Editor’s note: With continuing proliferation of LLMs and their capabilities, academic community started to discuss their potential role in paper reviewing process. Some conferences are already piloting the assistance of LLMs in their reviewing this year. To bring this discussion to the attention of our community, “Computer Architecture Today” is publishing two related blog posts. The post below is about the general role of LLMs in academic reviewing. The second post (to follow shortly) describes a rather extreme concrete proposal for our community. Enjoy reading and discuss!

The past few years have witnessed a staggering acceleration in the capabilities of large language models (LLMs). What began as an intriguing toy for autocomplete has evolved into sophisticated tools capable of summarizing research papers, drafting technical arguments, and even simulating expert‑level discussion. As these models continue to improve at an astonishing rate, the question is no longer if they will change academic workflows — but how .

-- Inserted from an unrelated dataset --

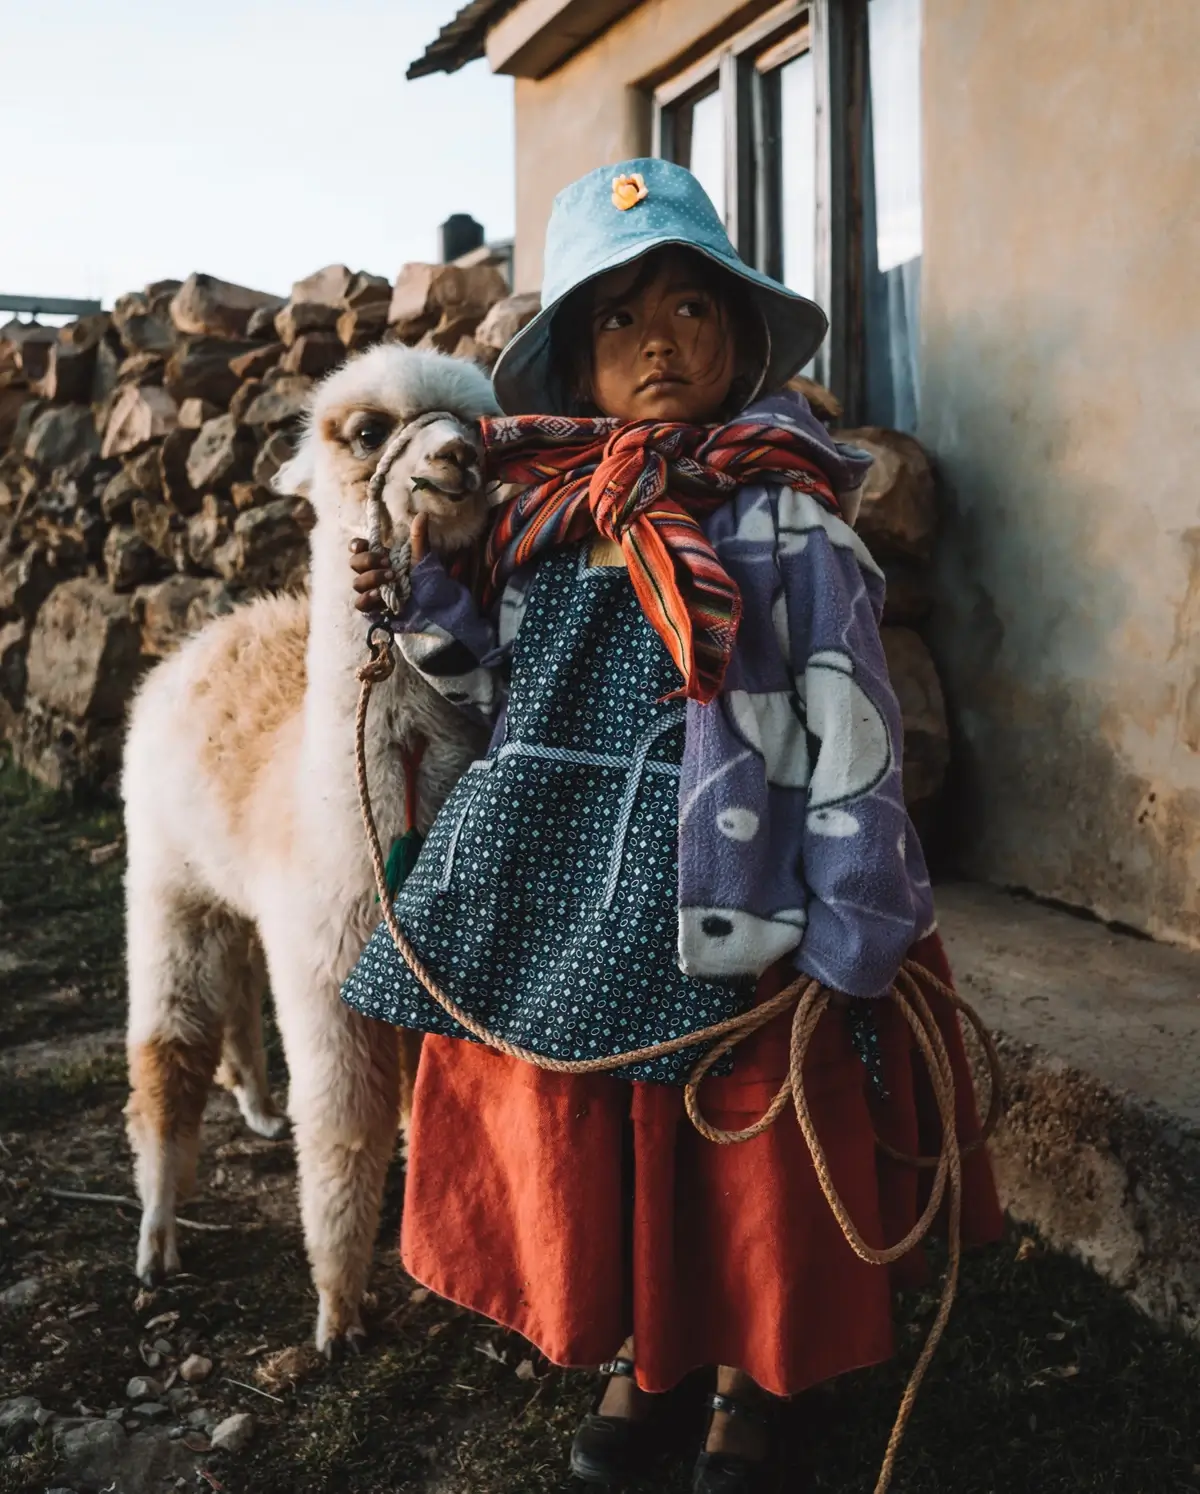 Little girl and her llama in Bolivia
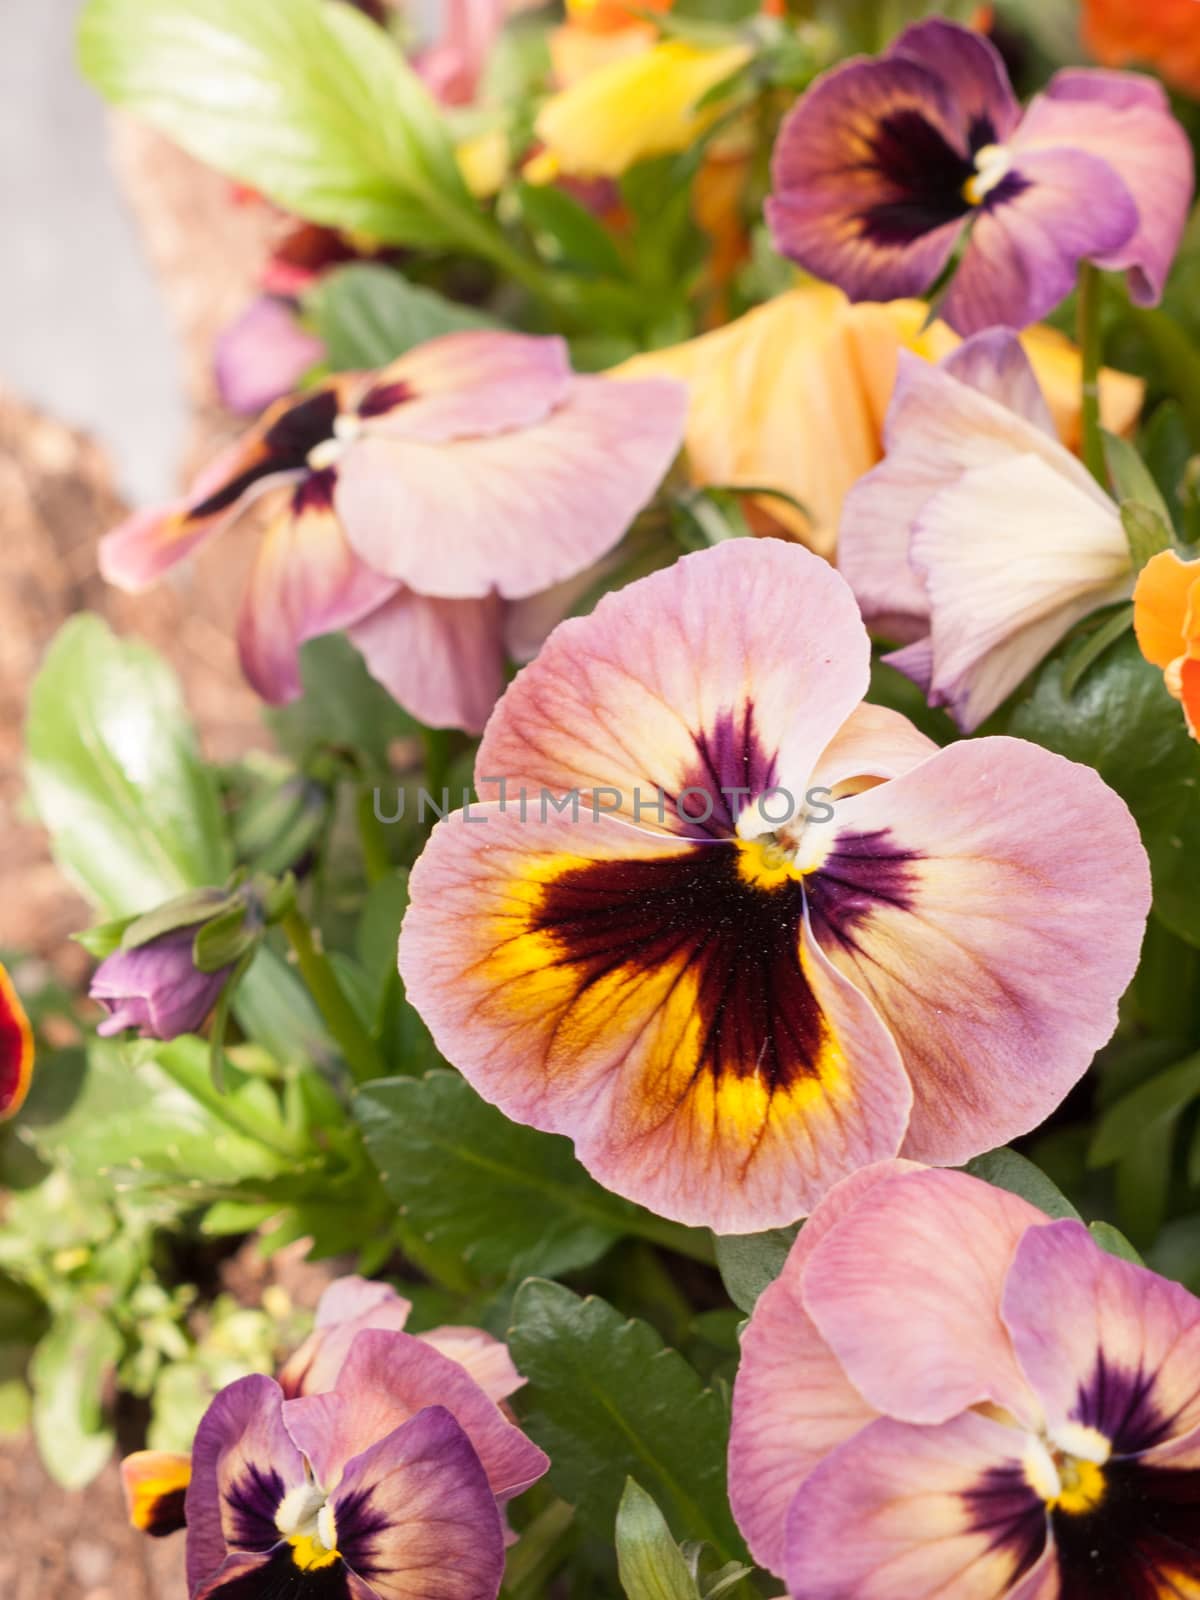 Some Pansies in a Plant pot in the Spring by callumrc

Academic reviewers are fatigued and overworked. Across many research communities, the state of academic reviewing is under visible strain. Reviewers are oversubscribed, overworked, and often underappreciated. Program committee (PC) members juggle many papers in a short time frame, and the depth of engagement has become increasingly shallow. The consequences are easy to observe: rushed reviews, inconsistent decisions, and a growing sense of dissatisfaction among authors and reviewers alike. While there are exceptions—venues where quality is preserved through tighter scope or community norms—the overall trend is worrying.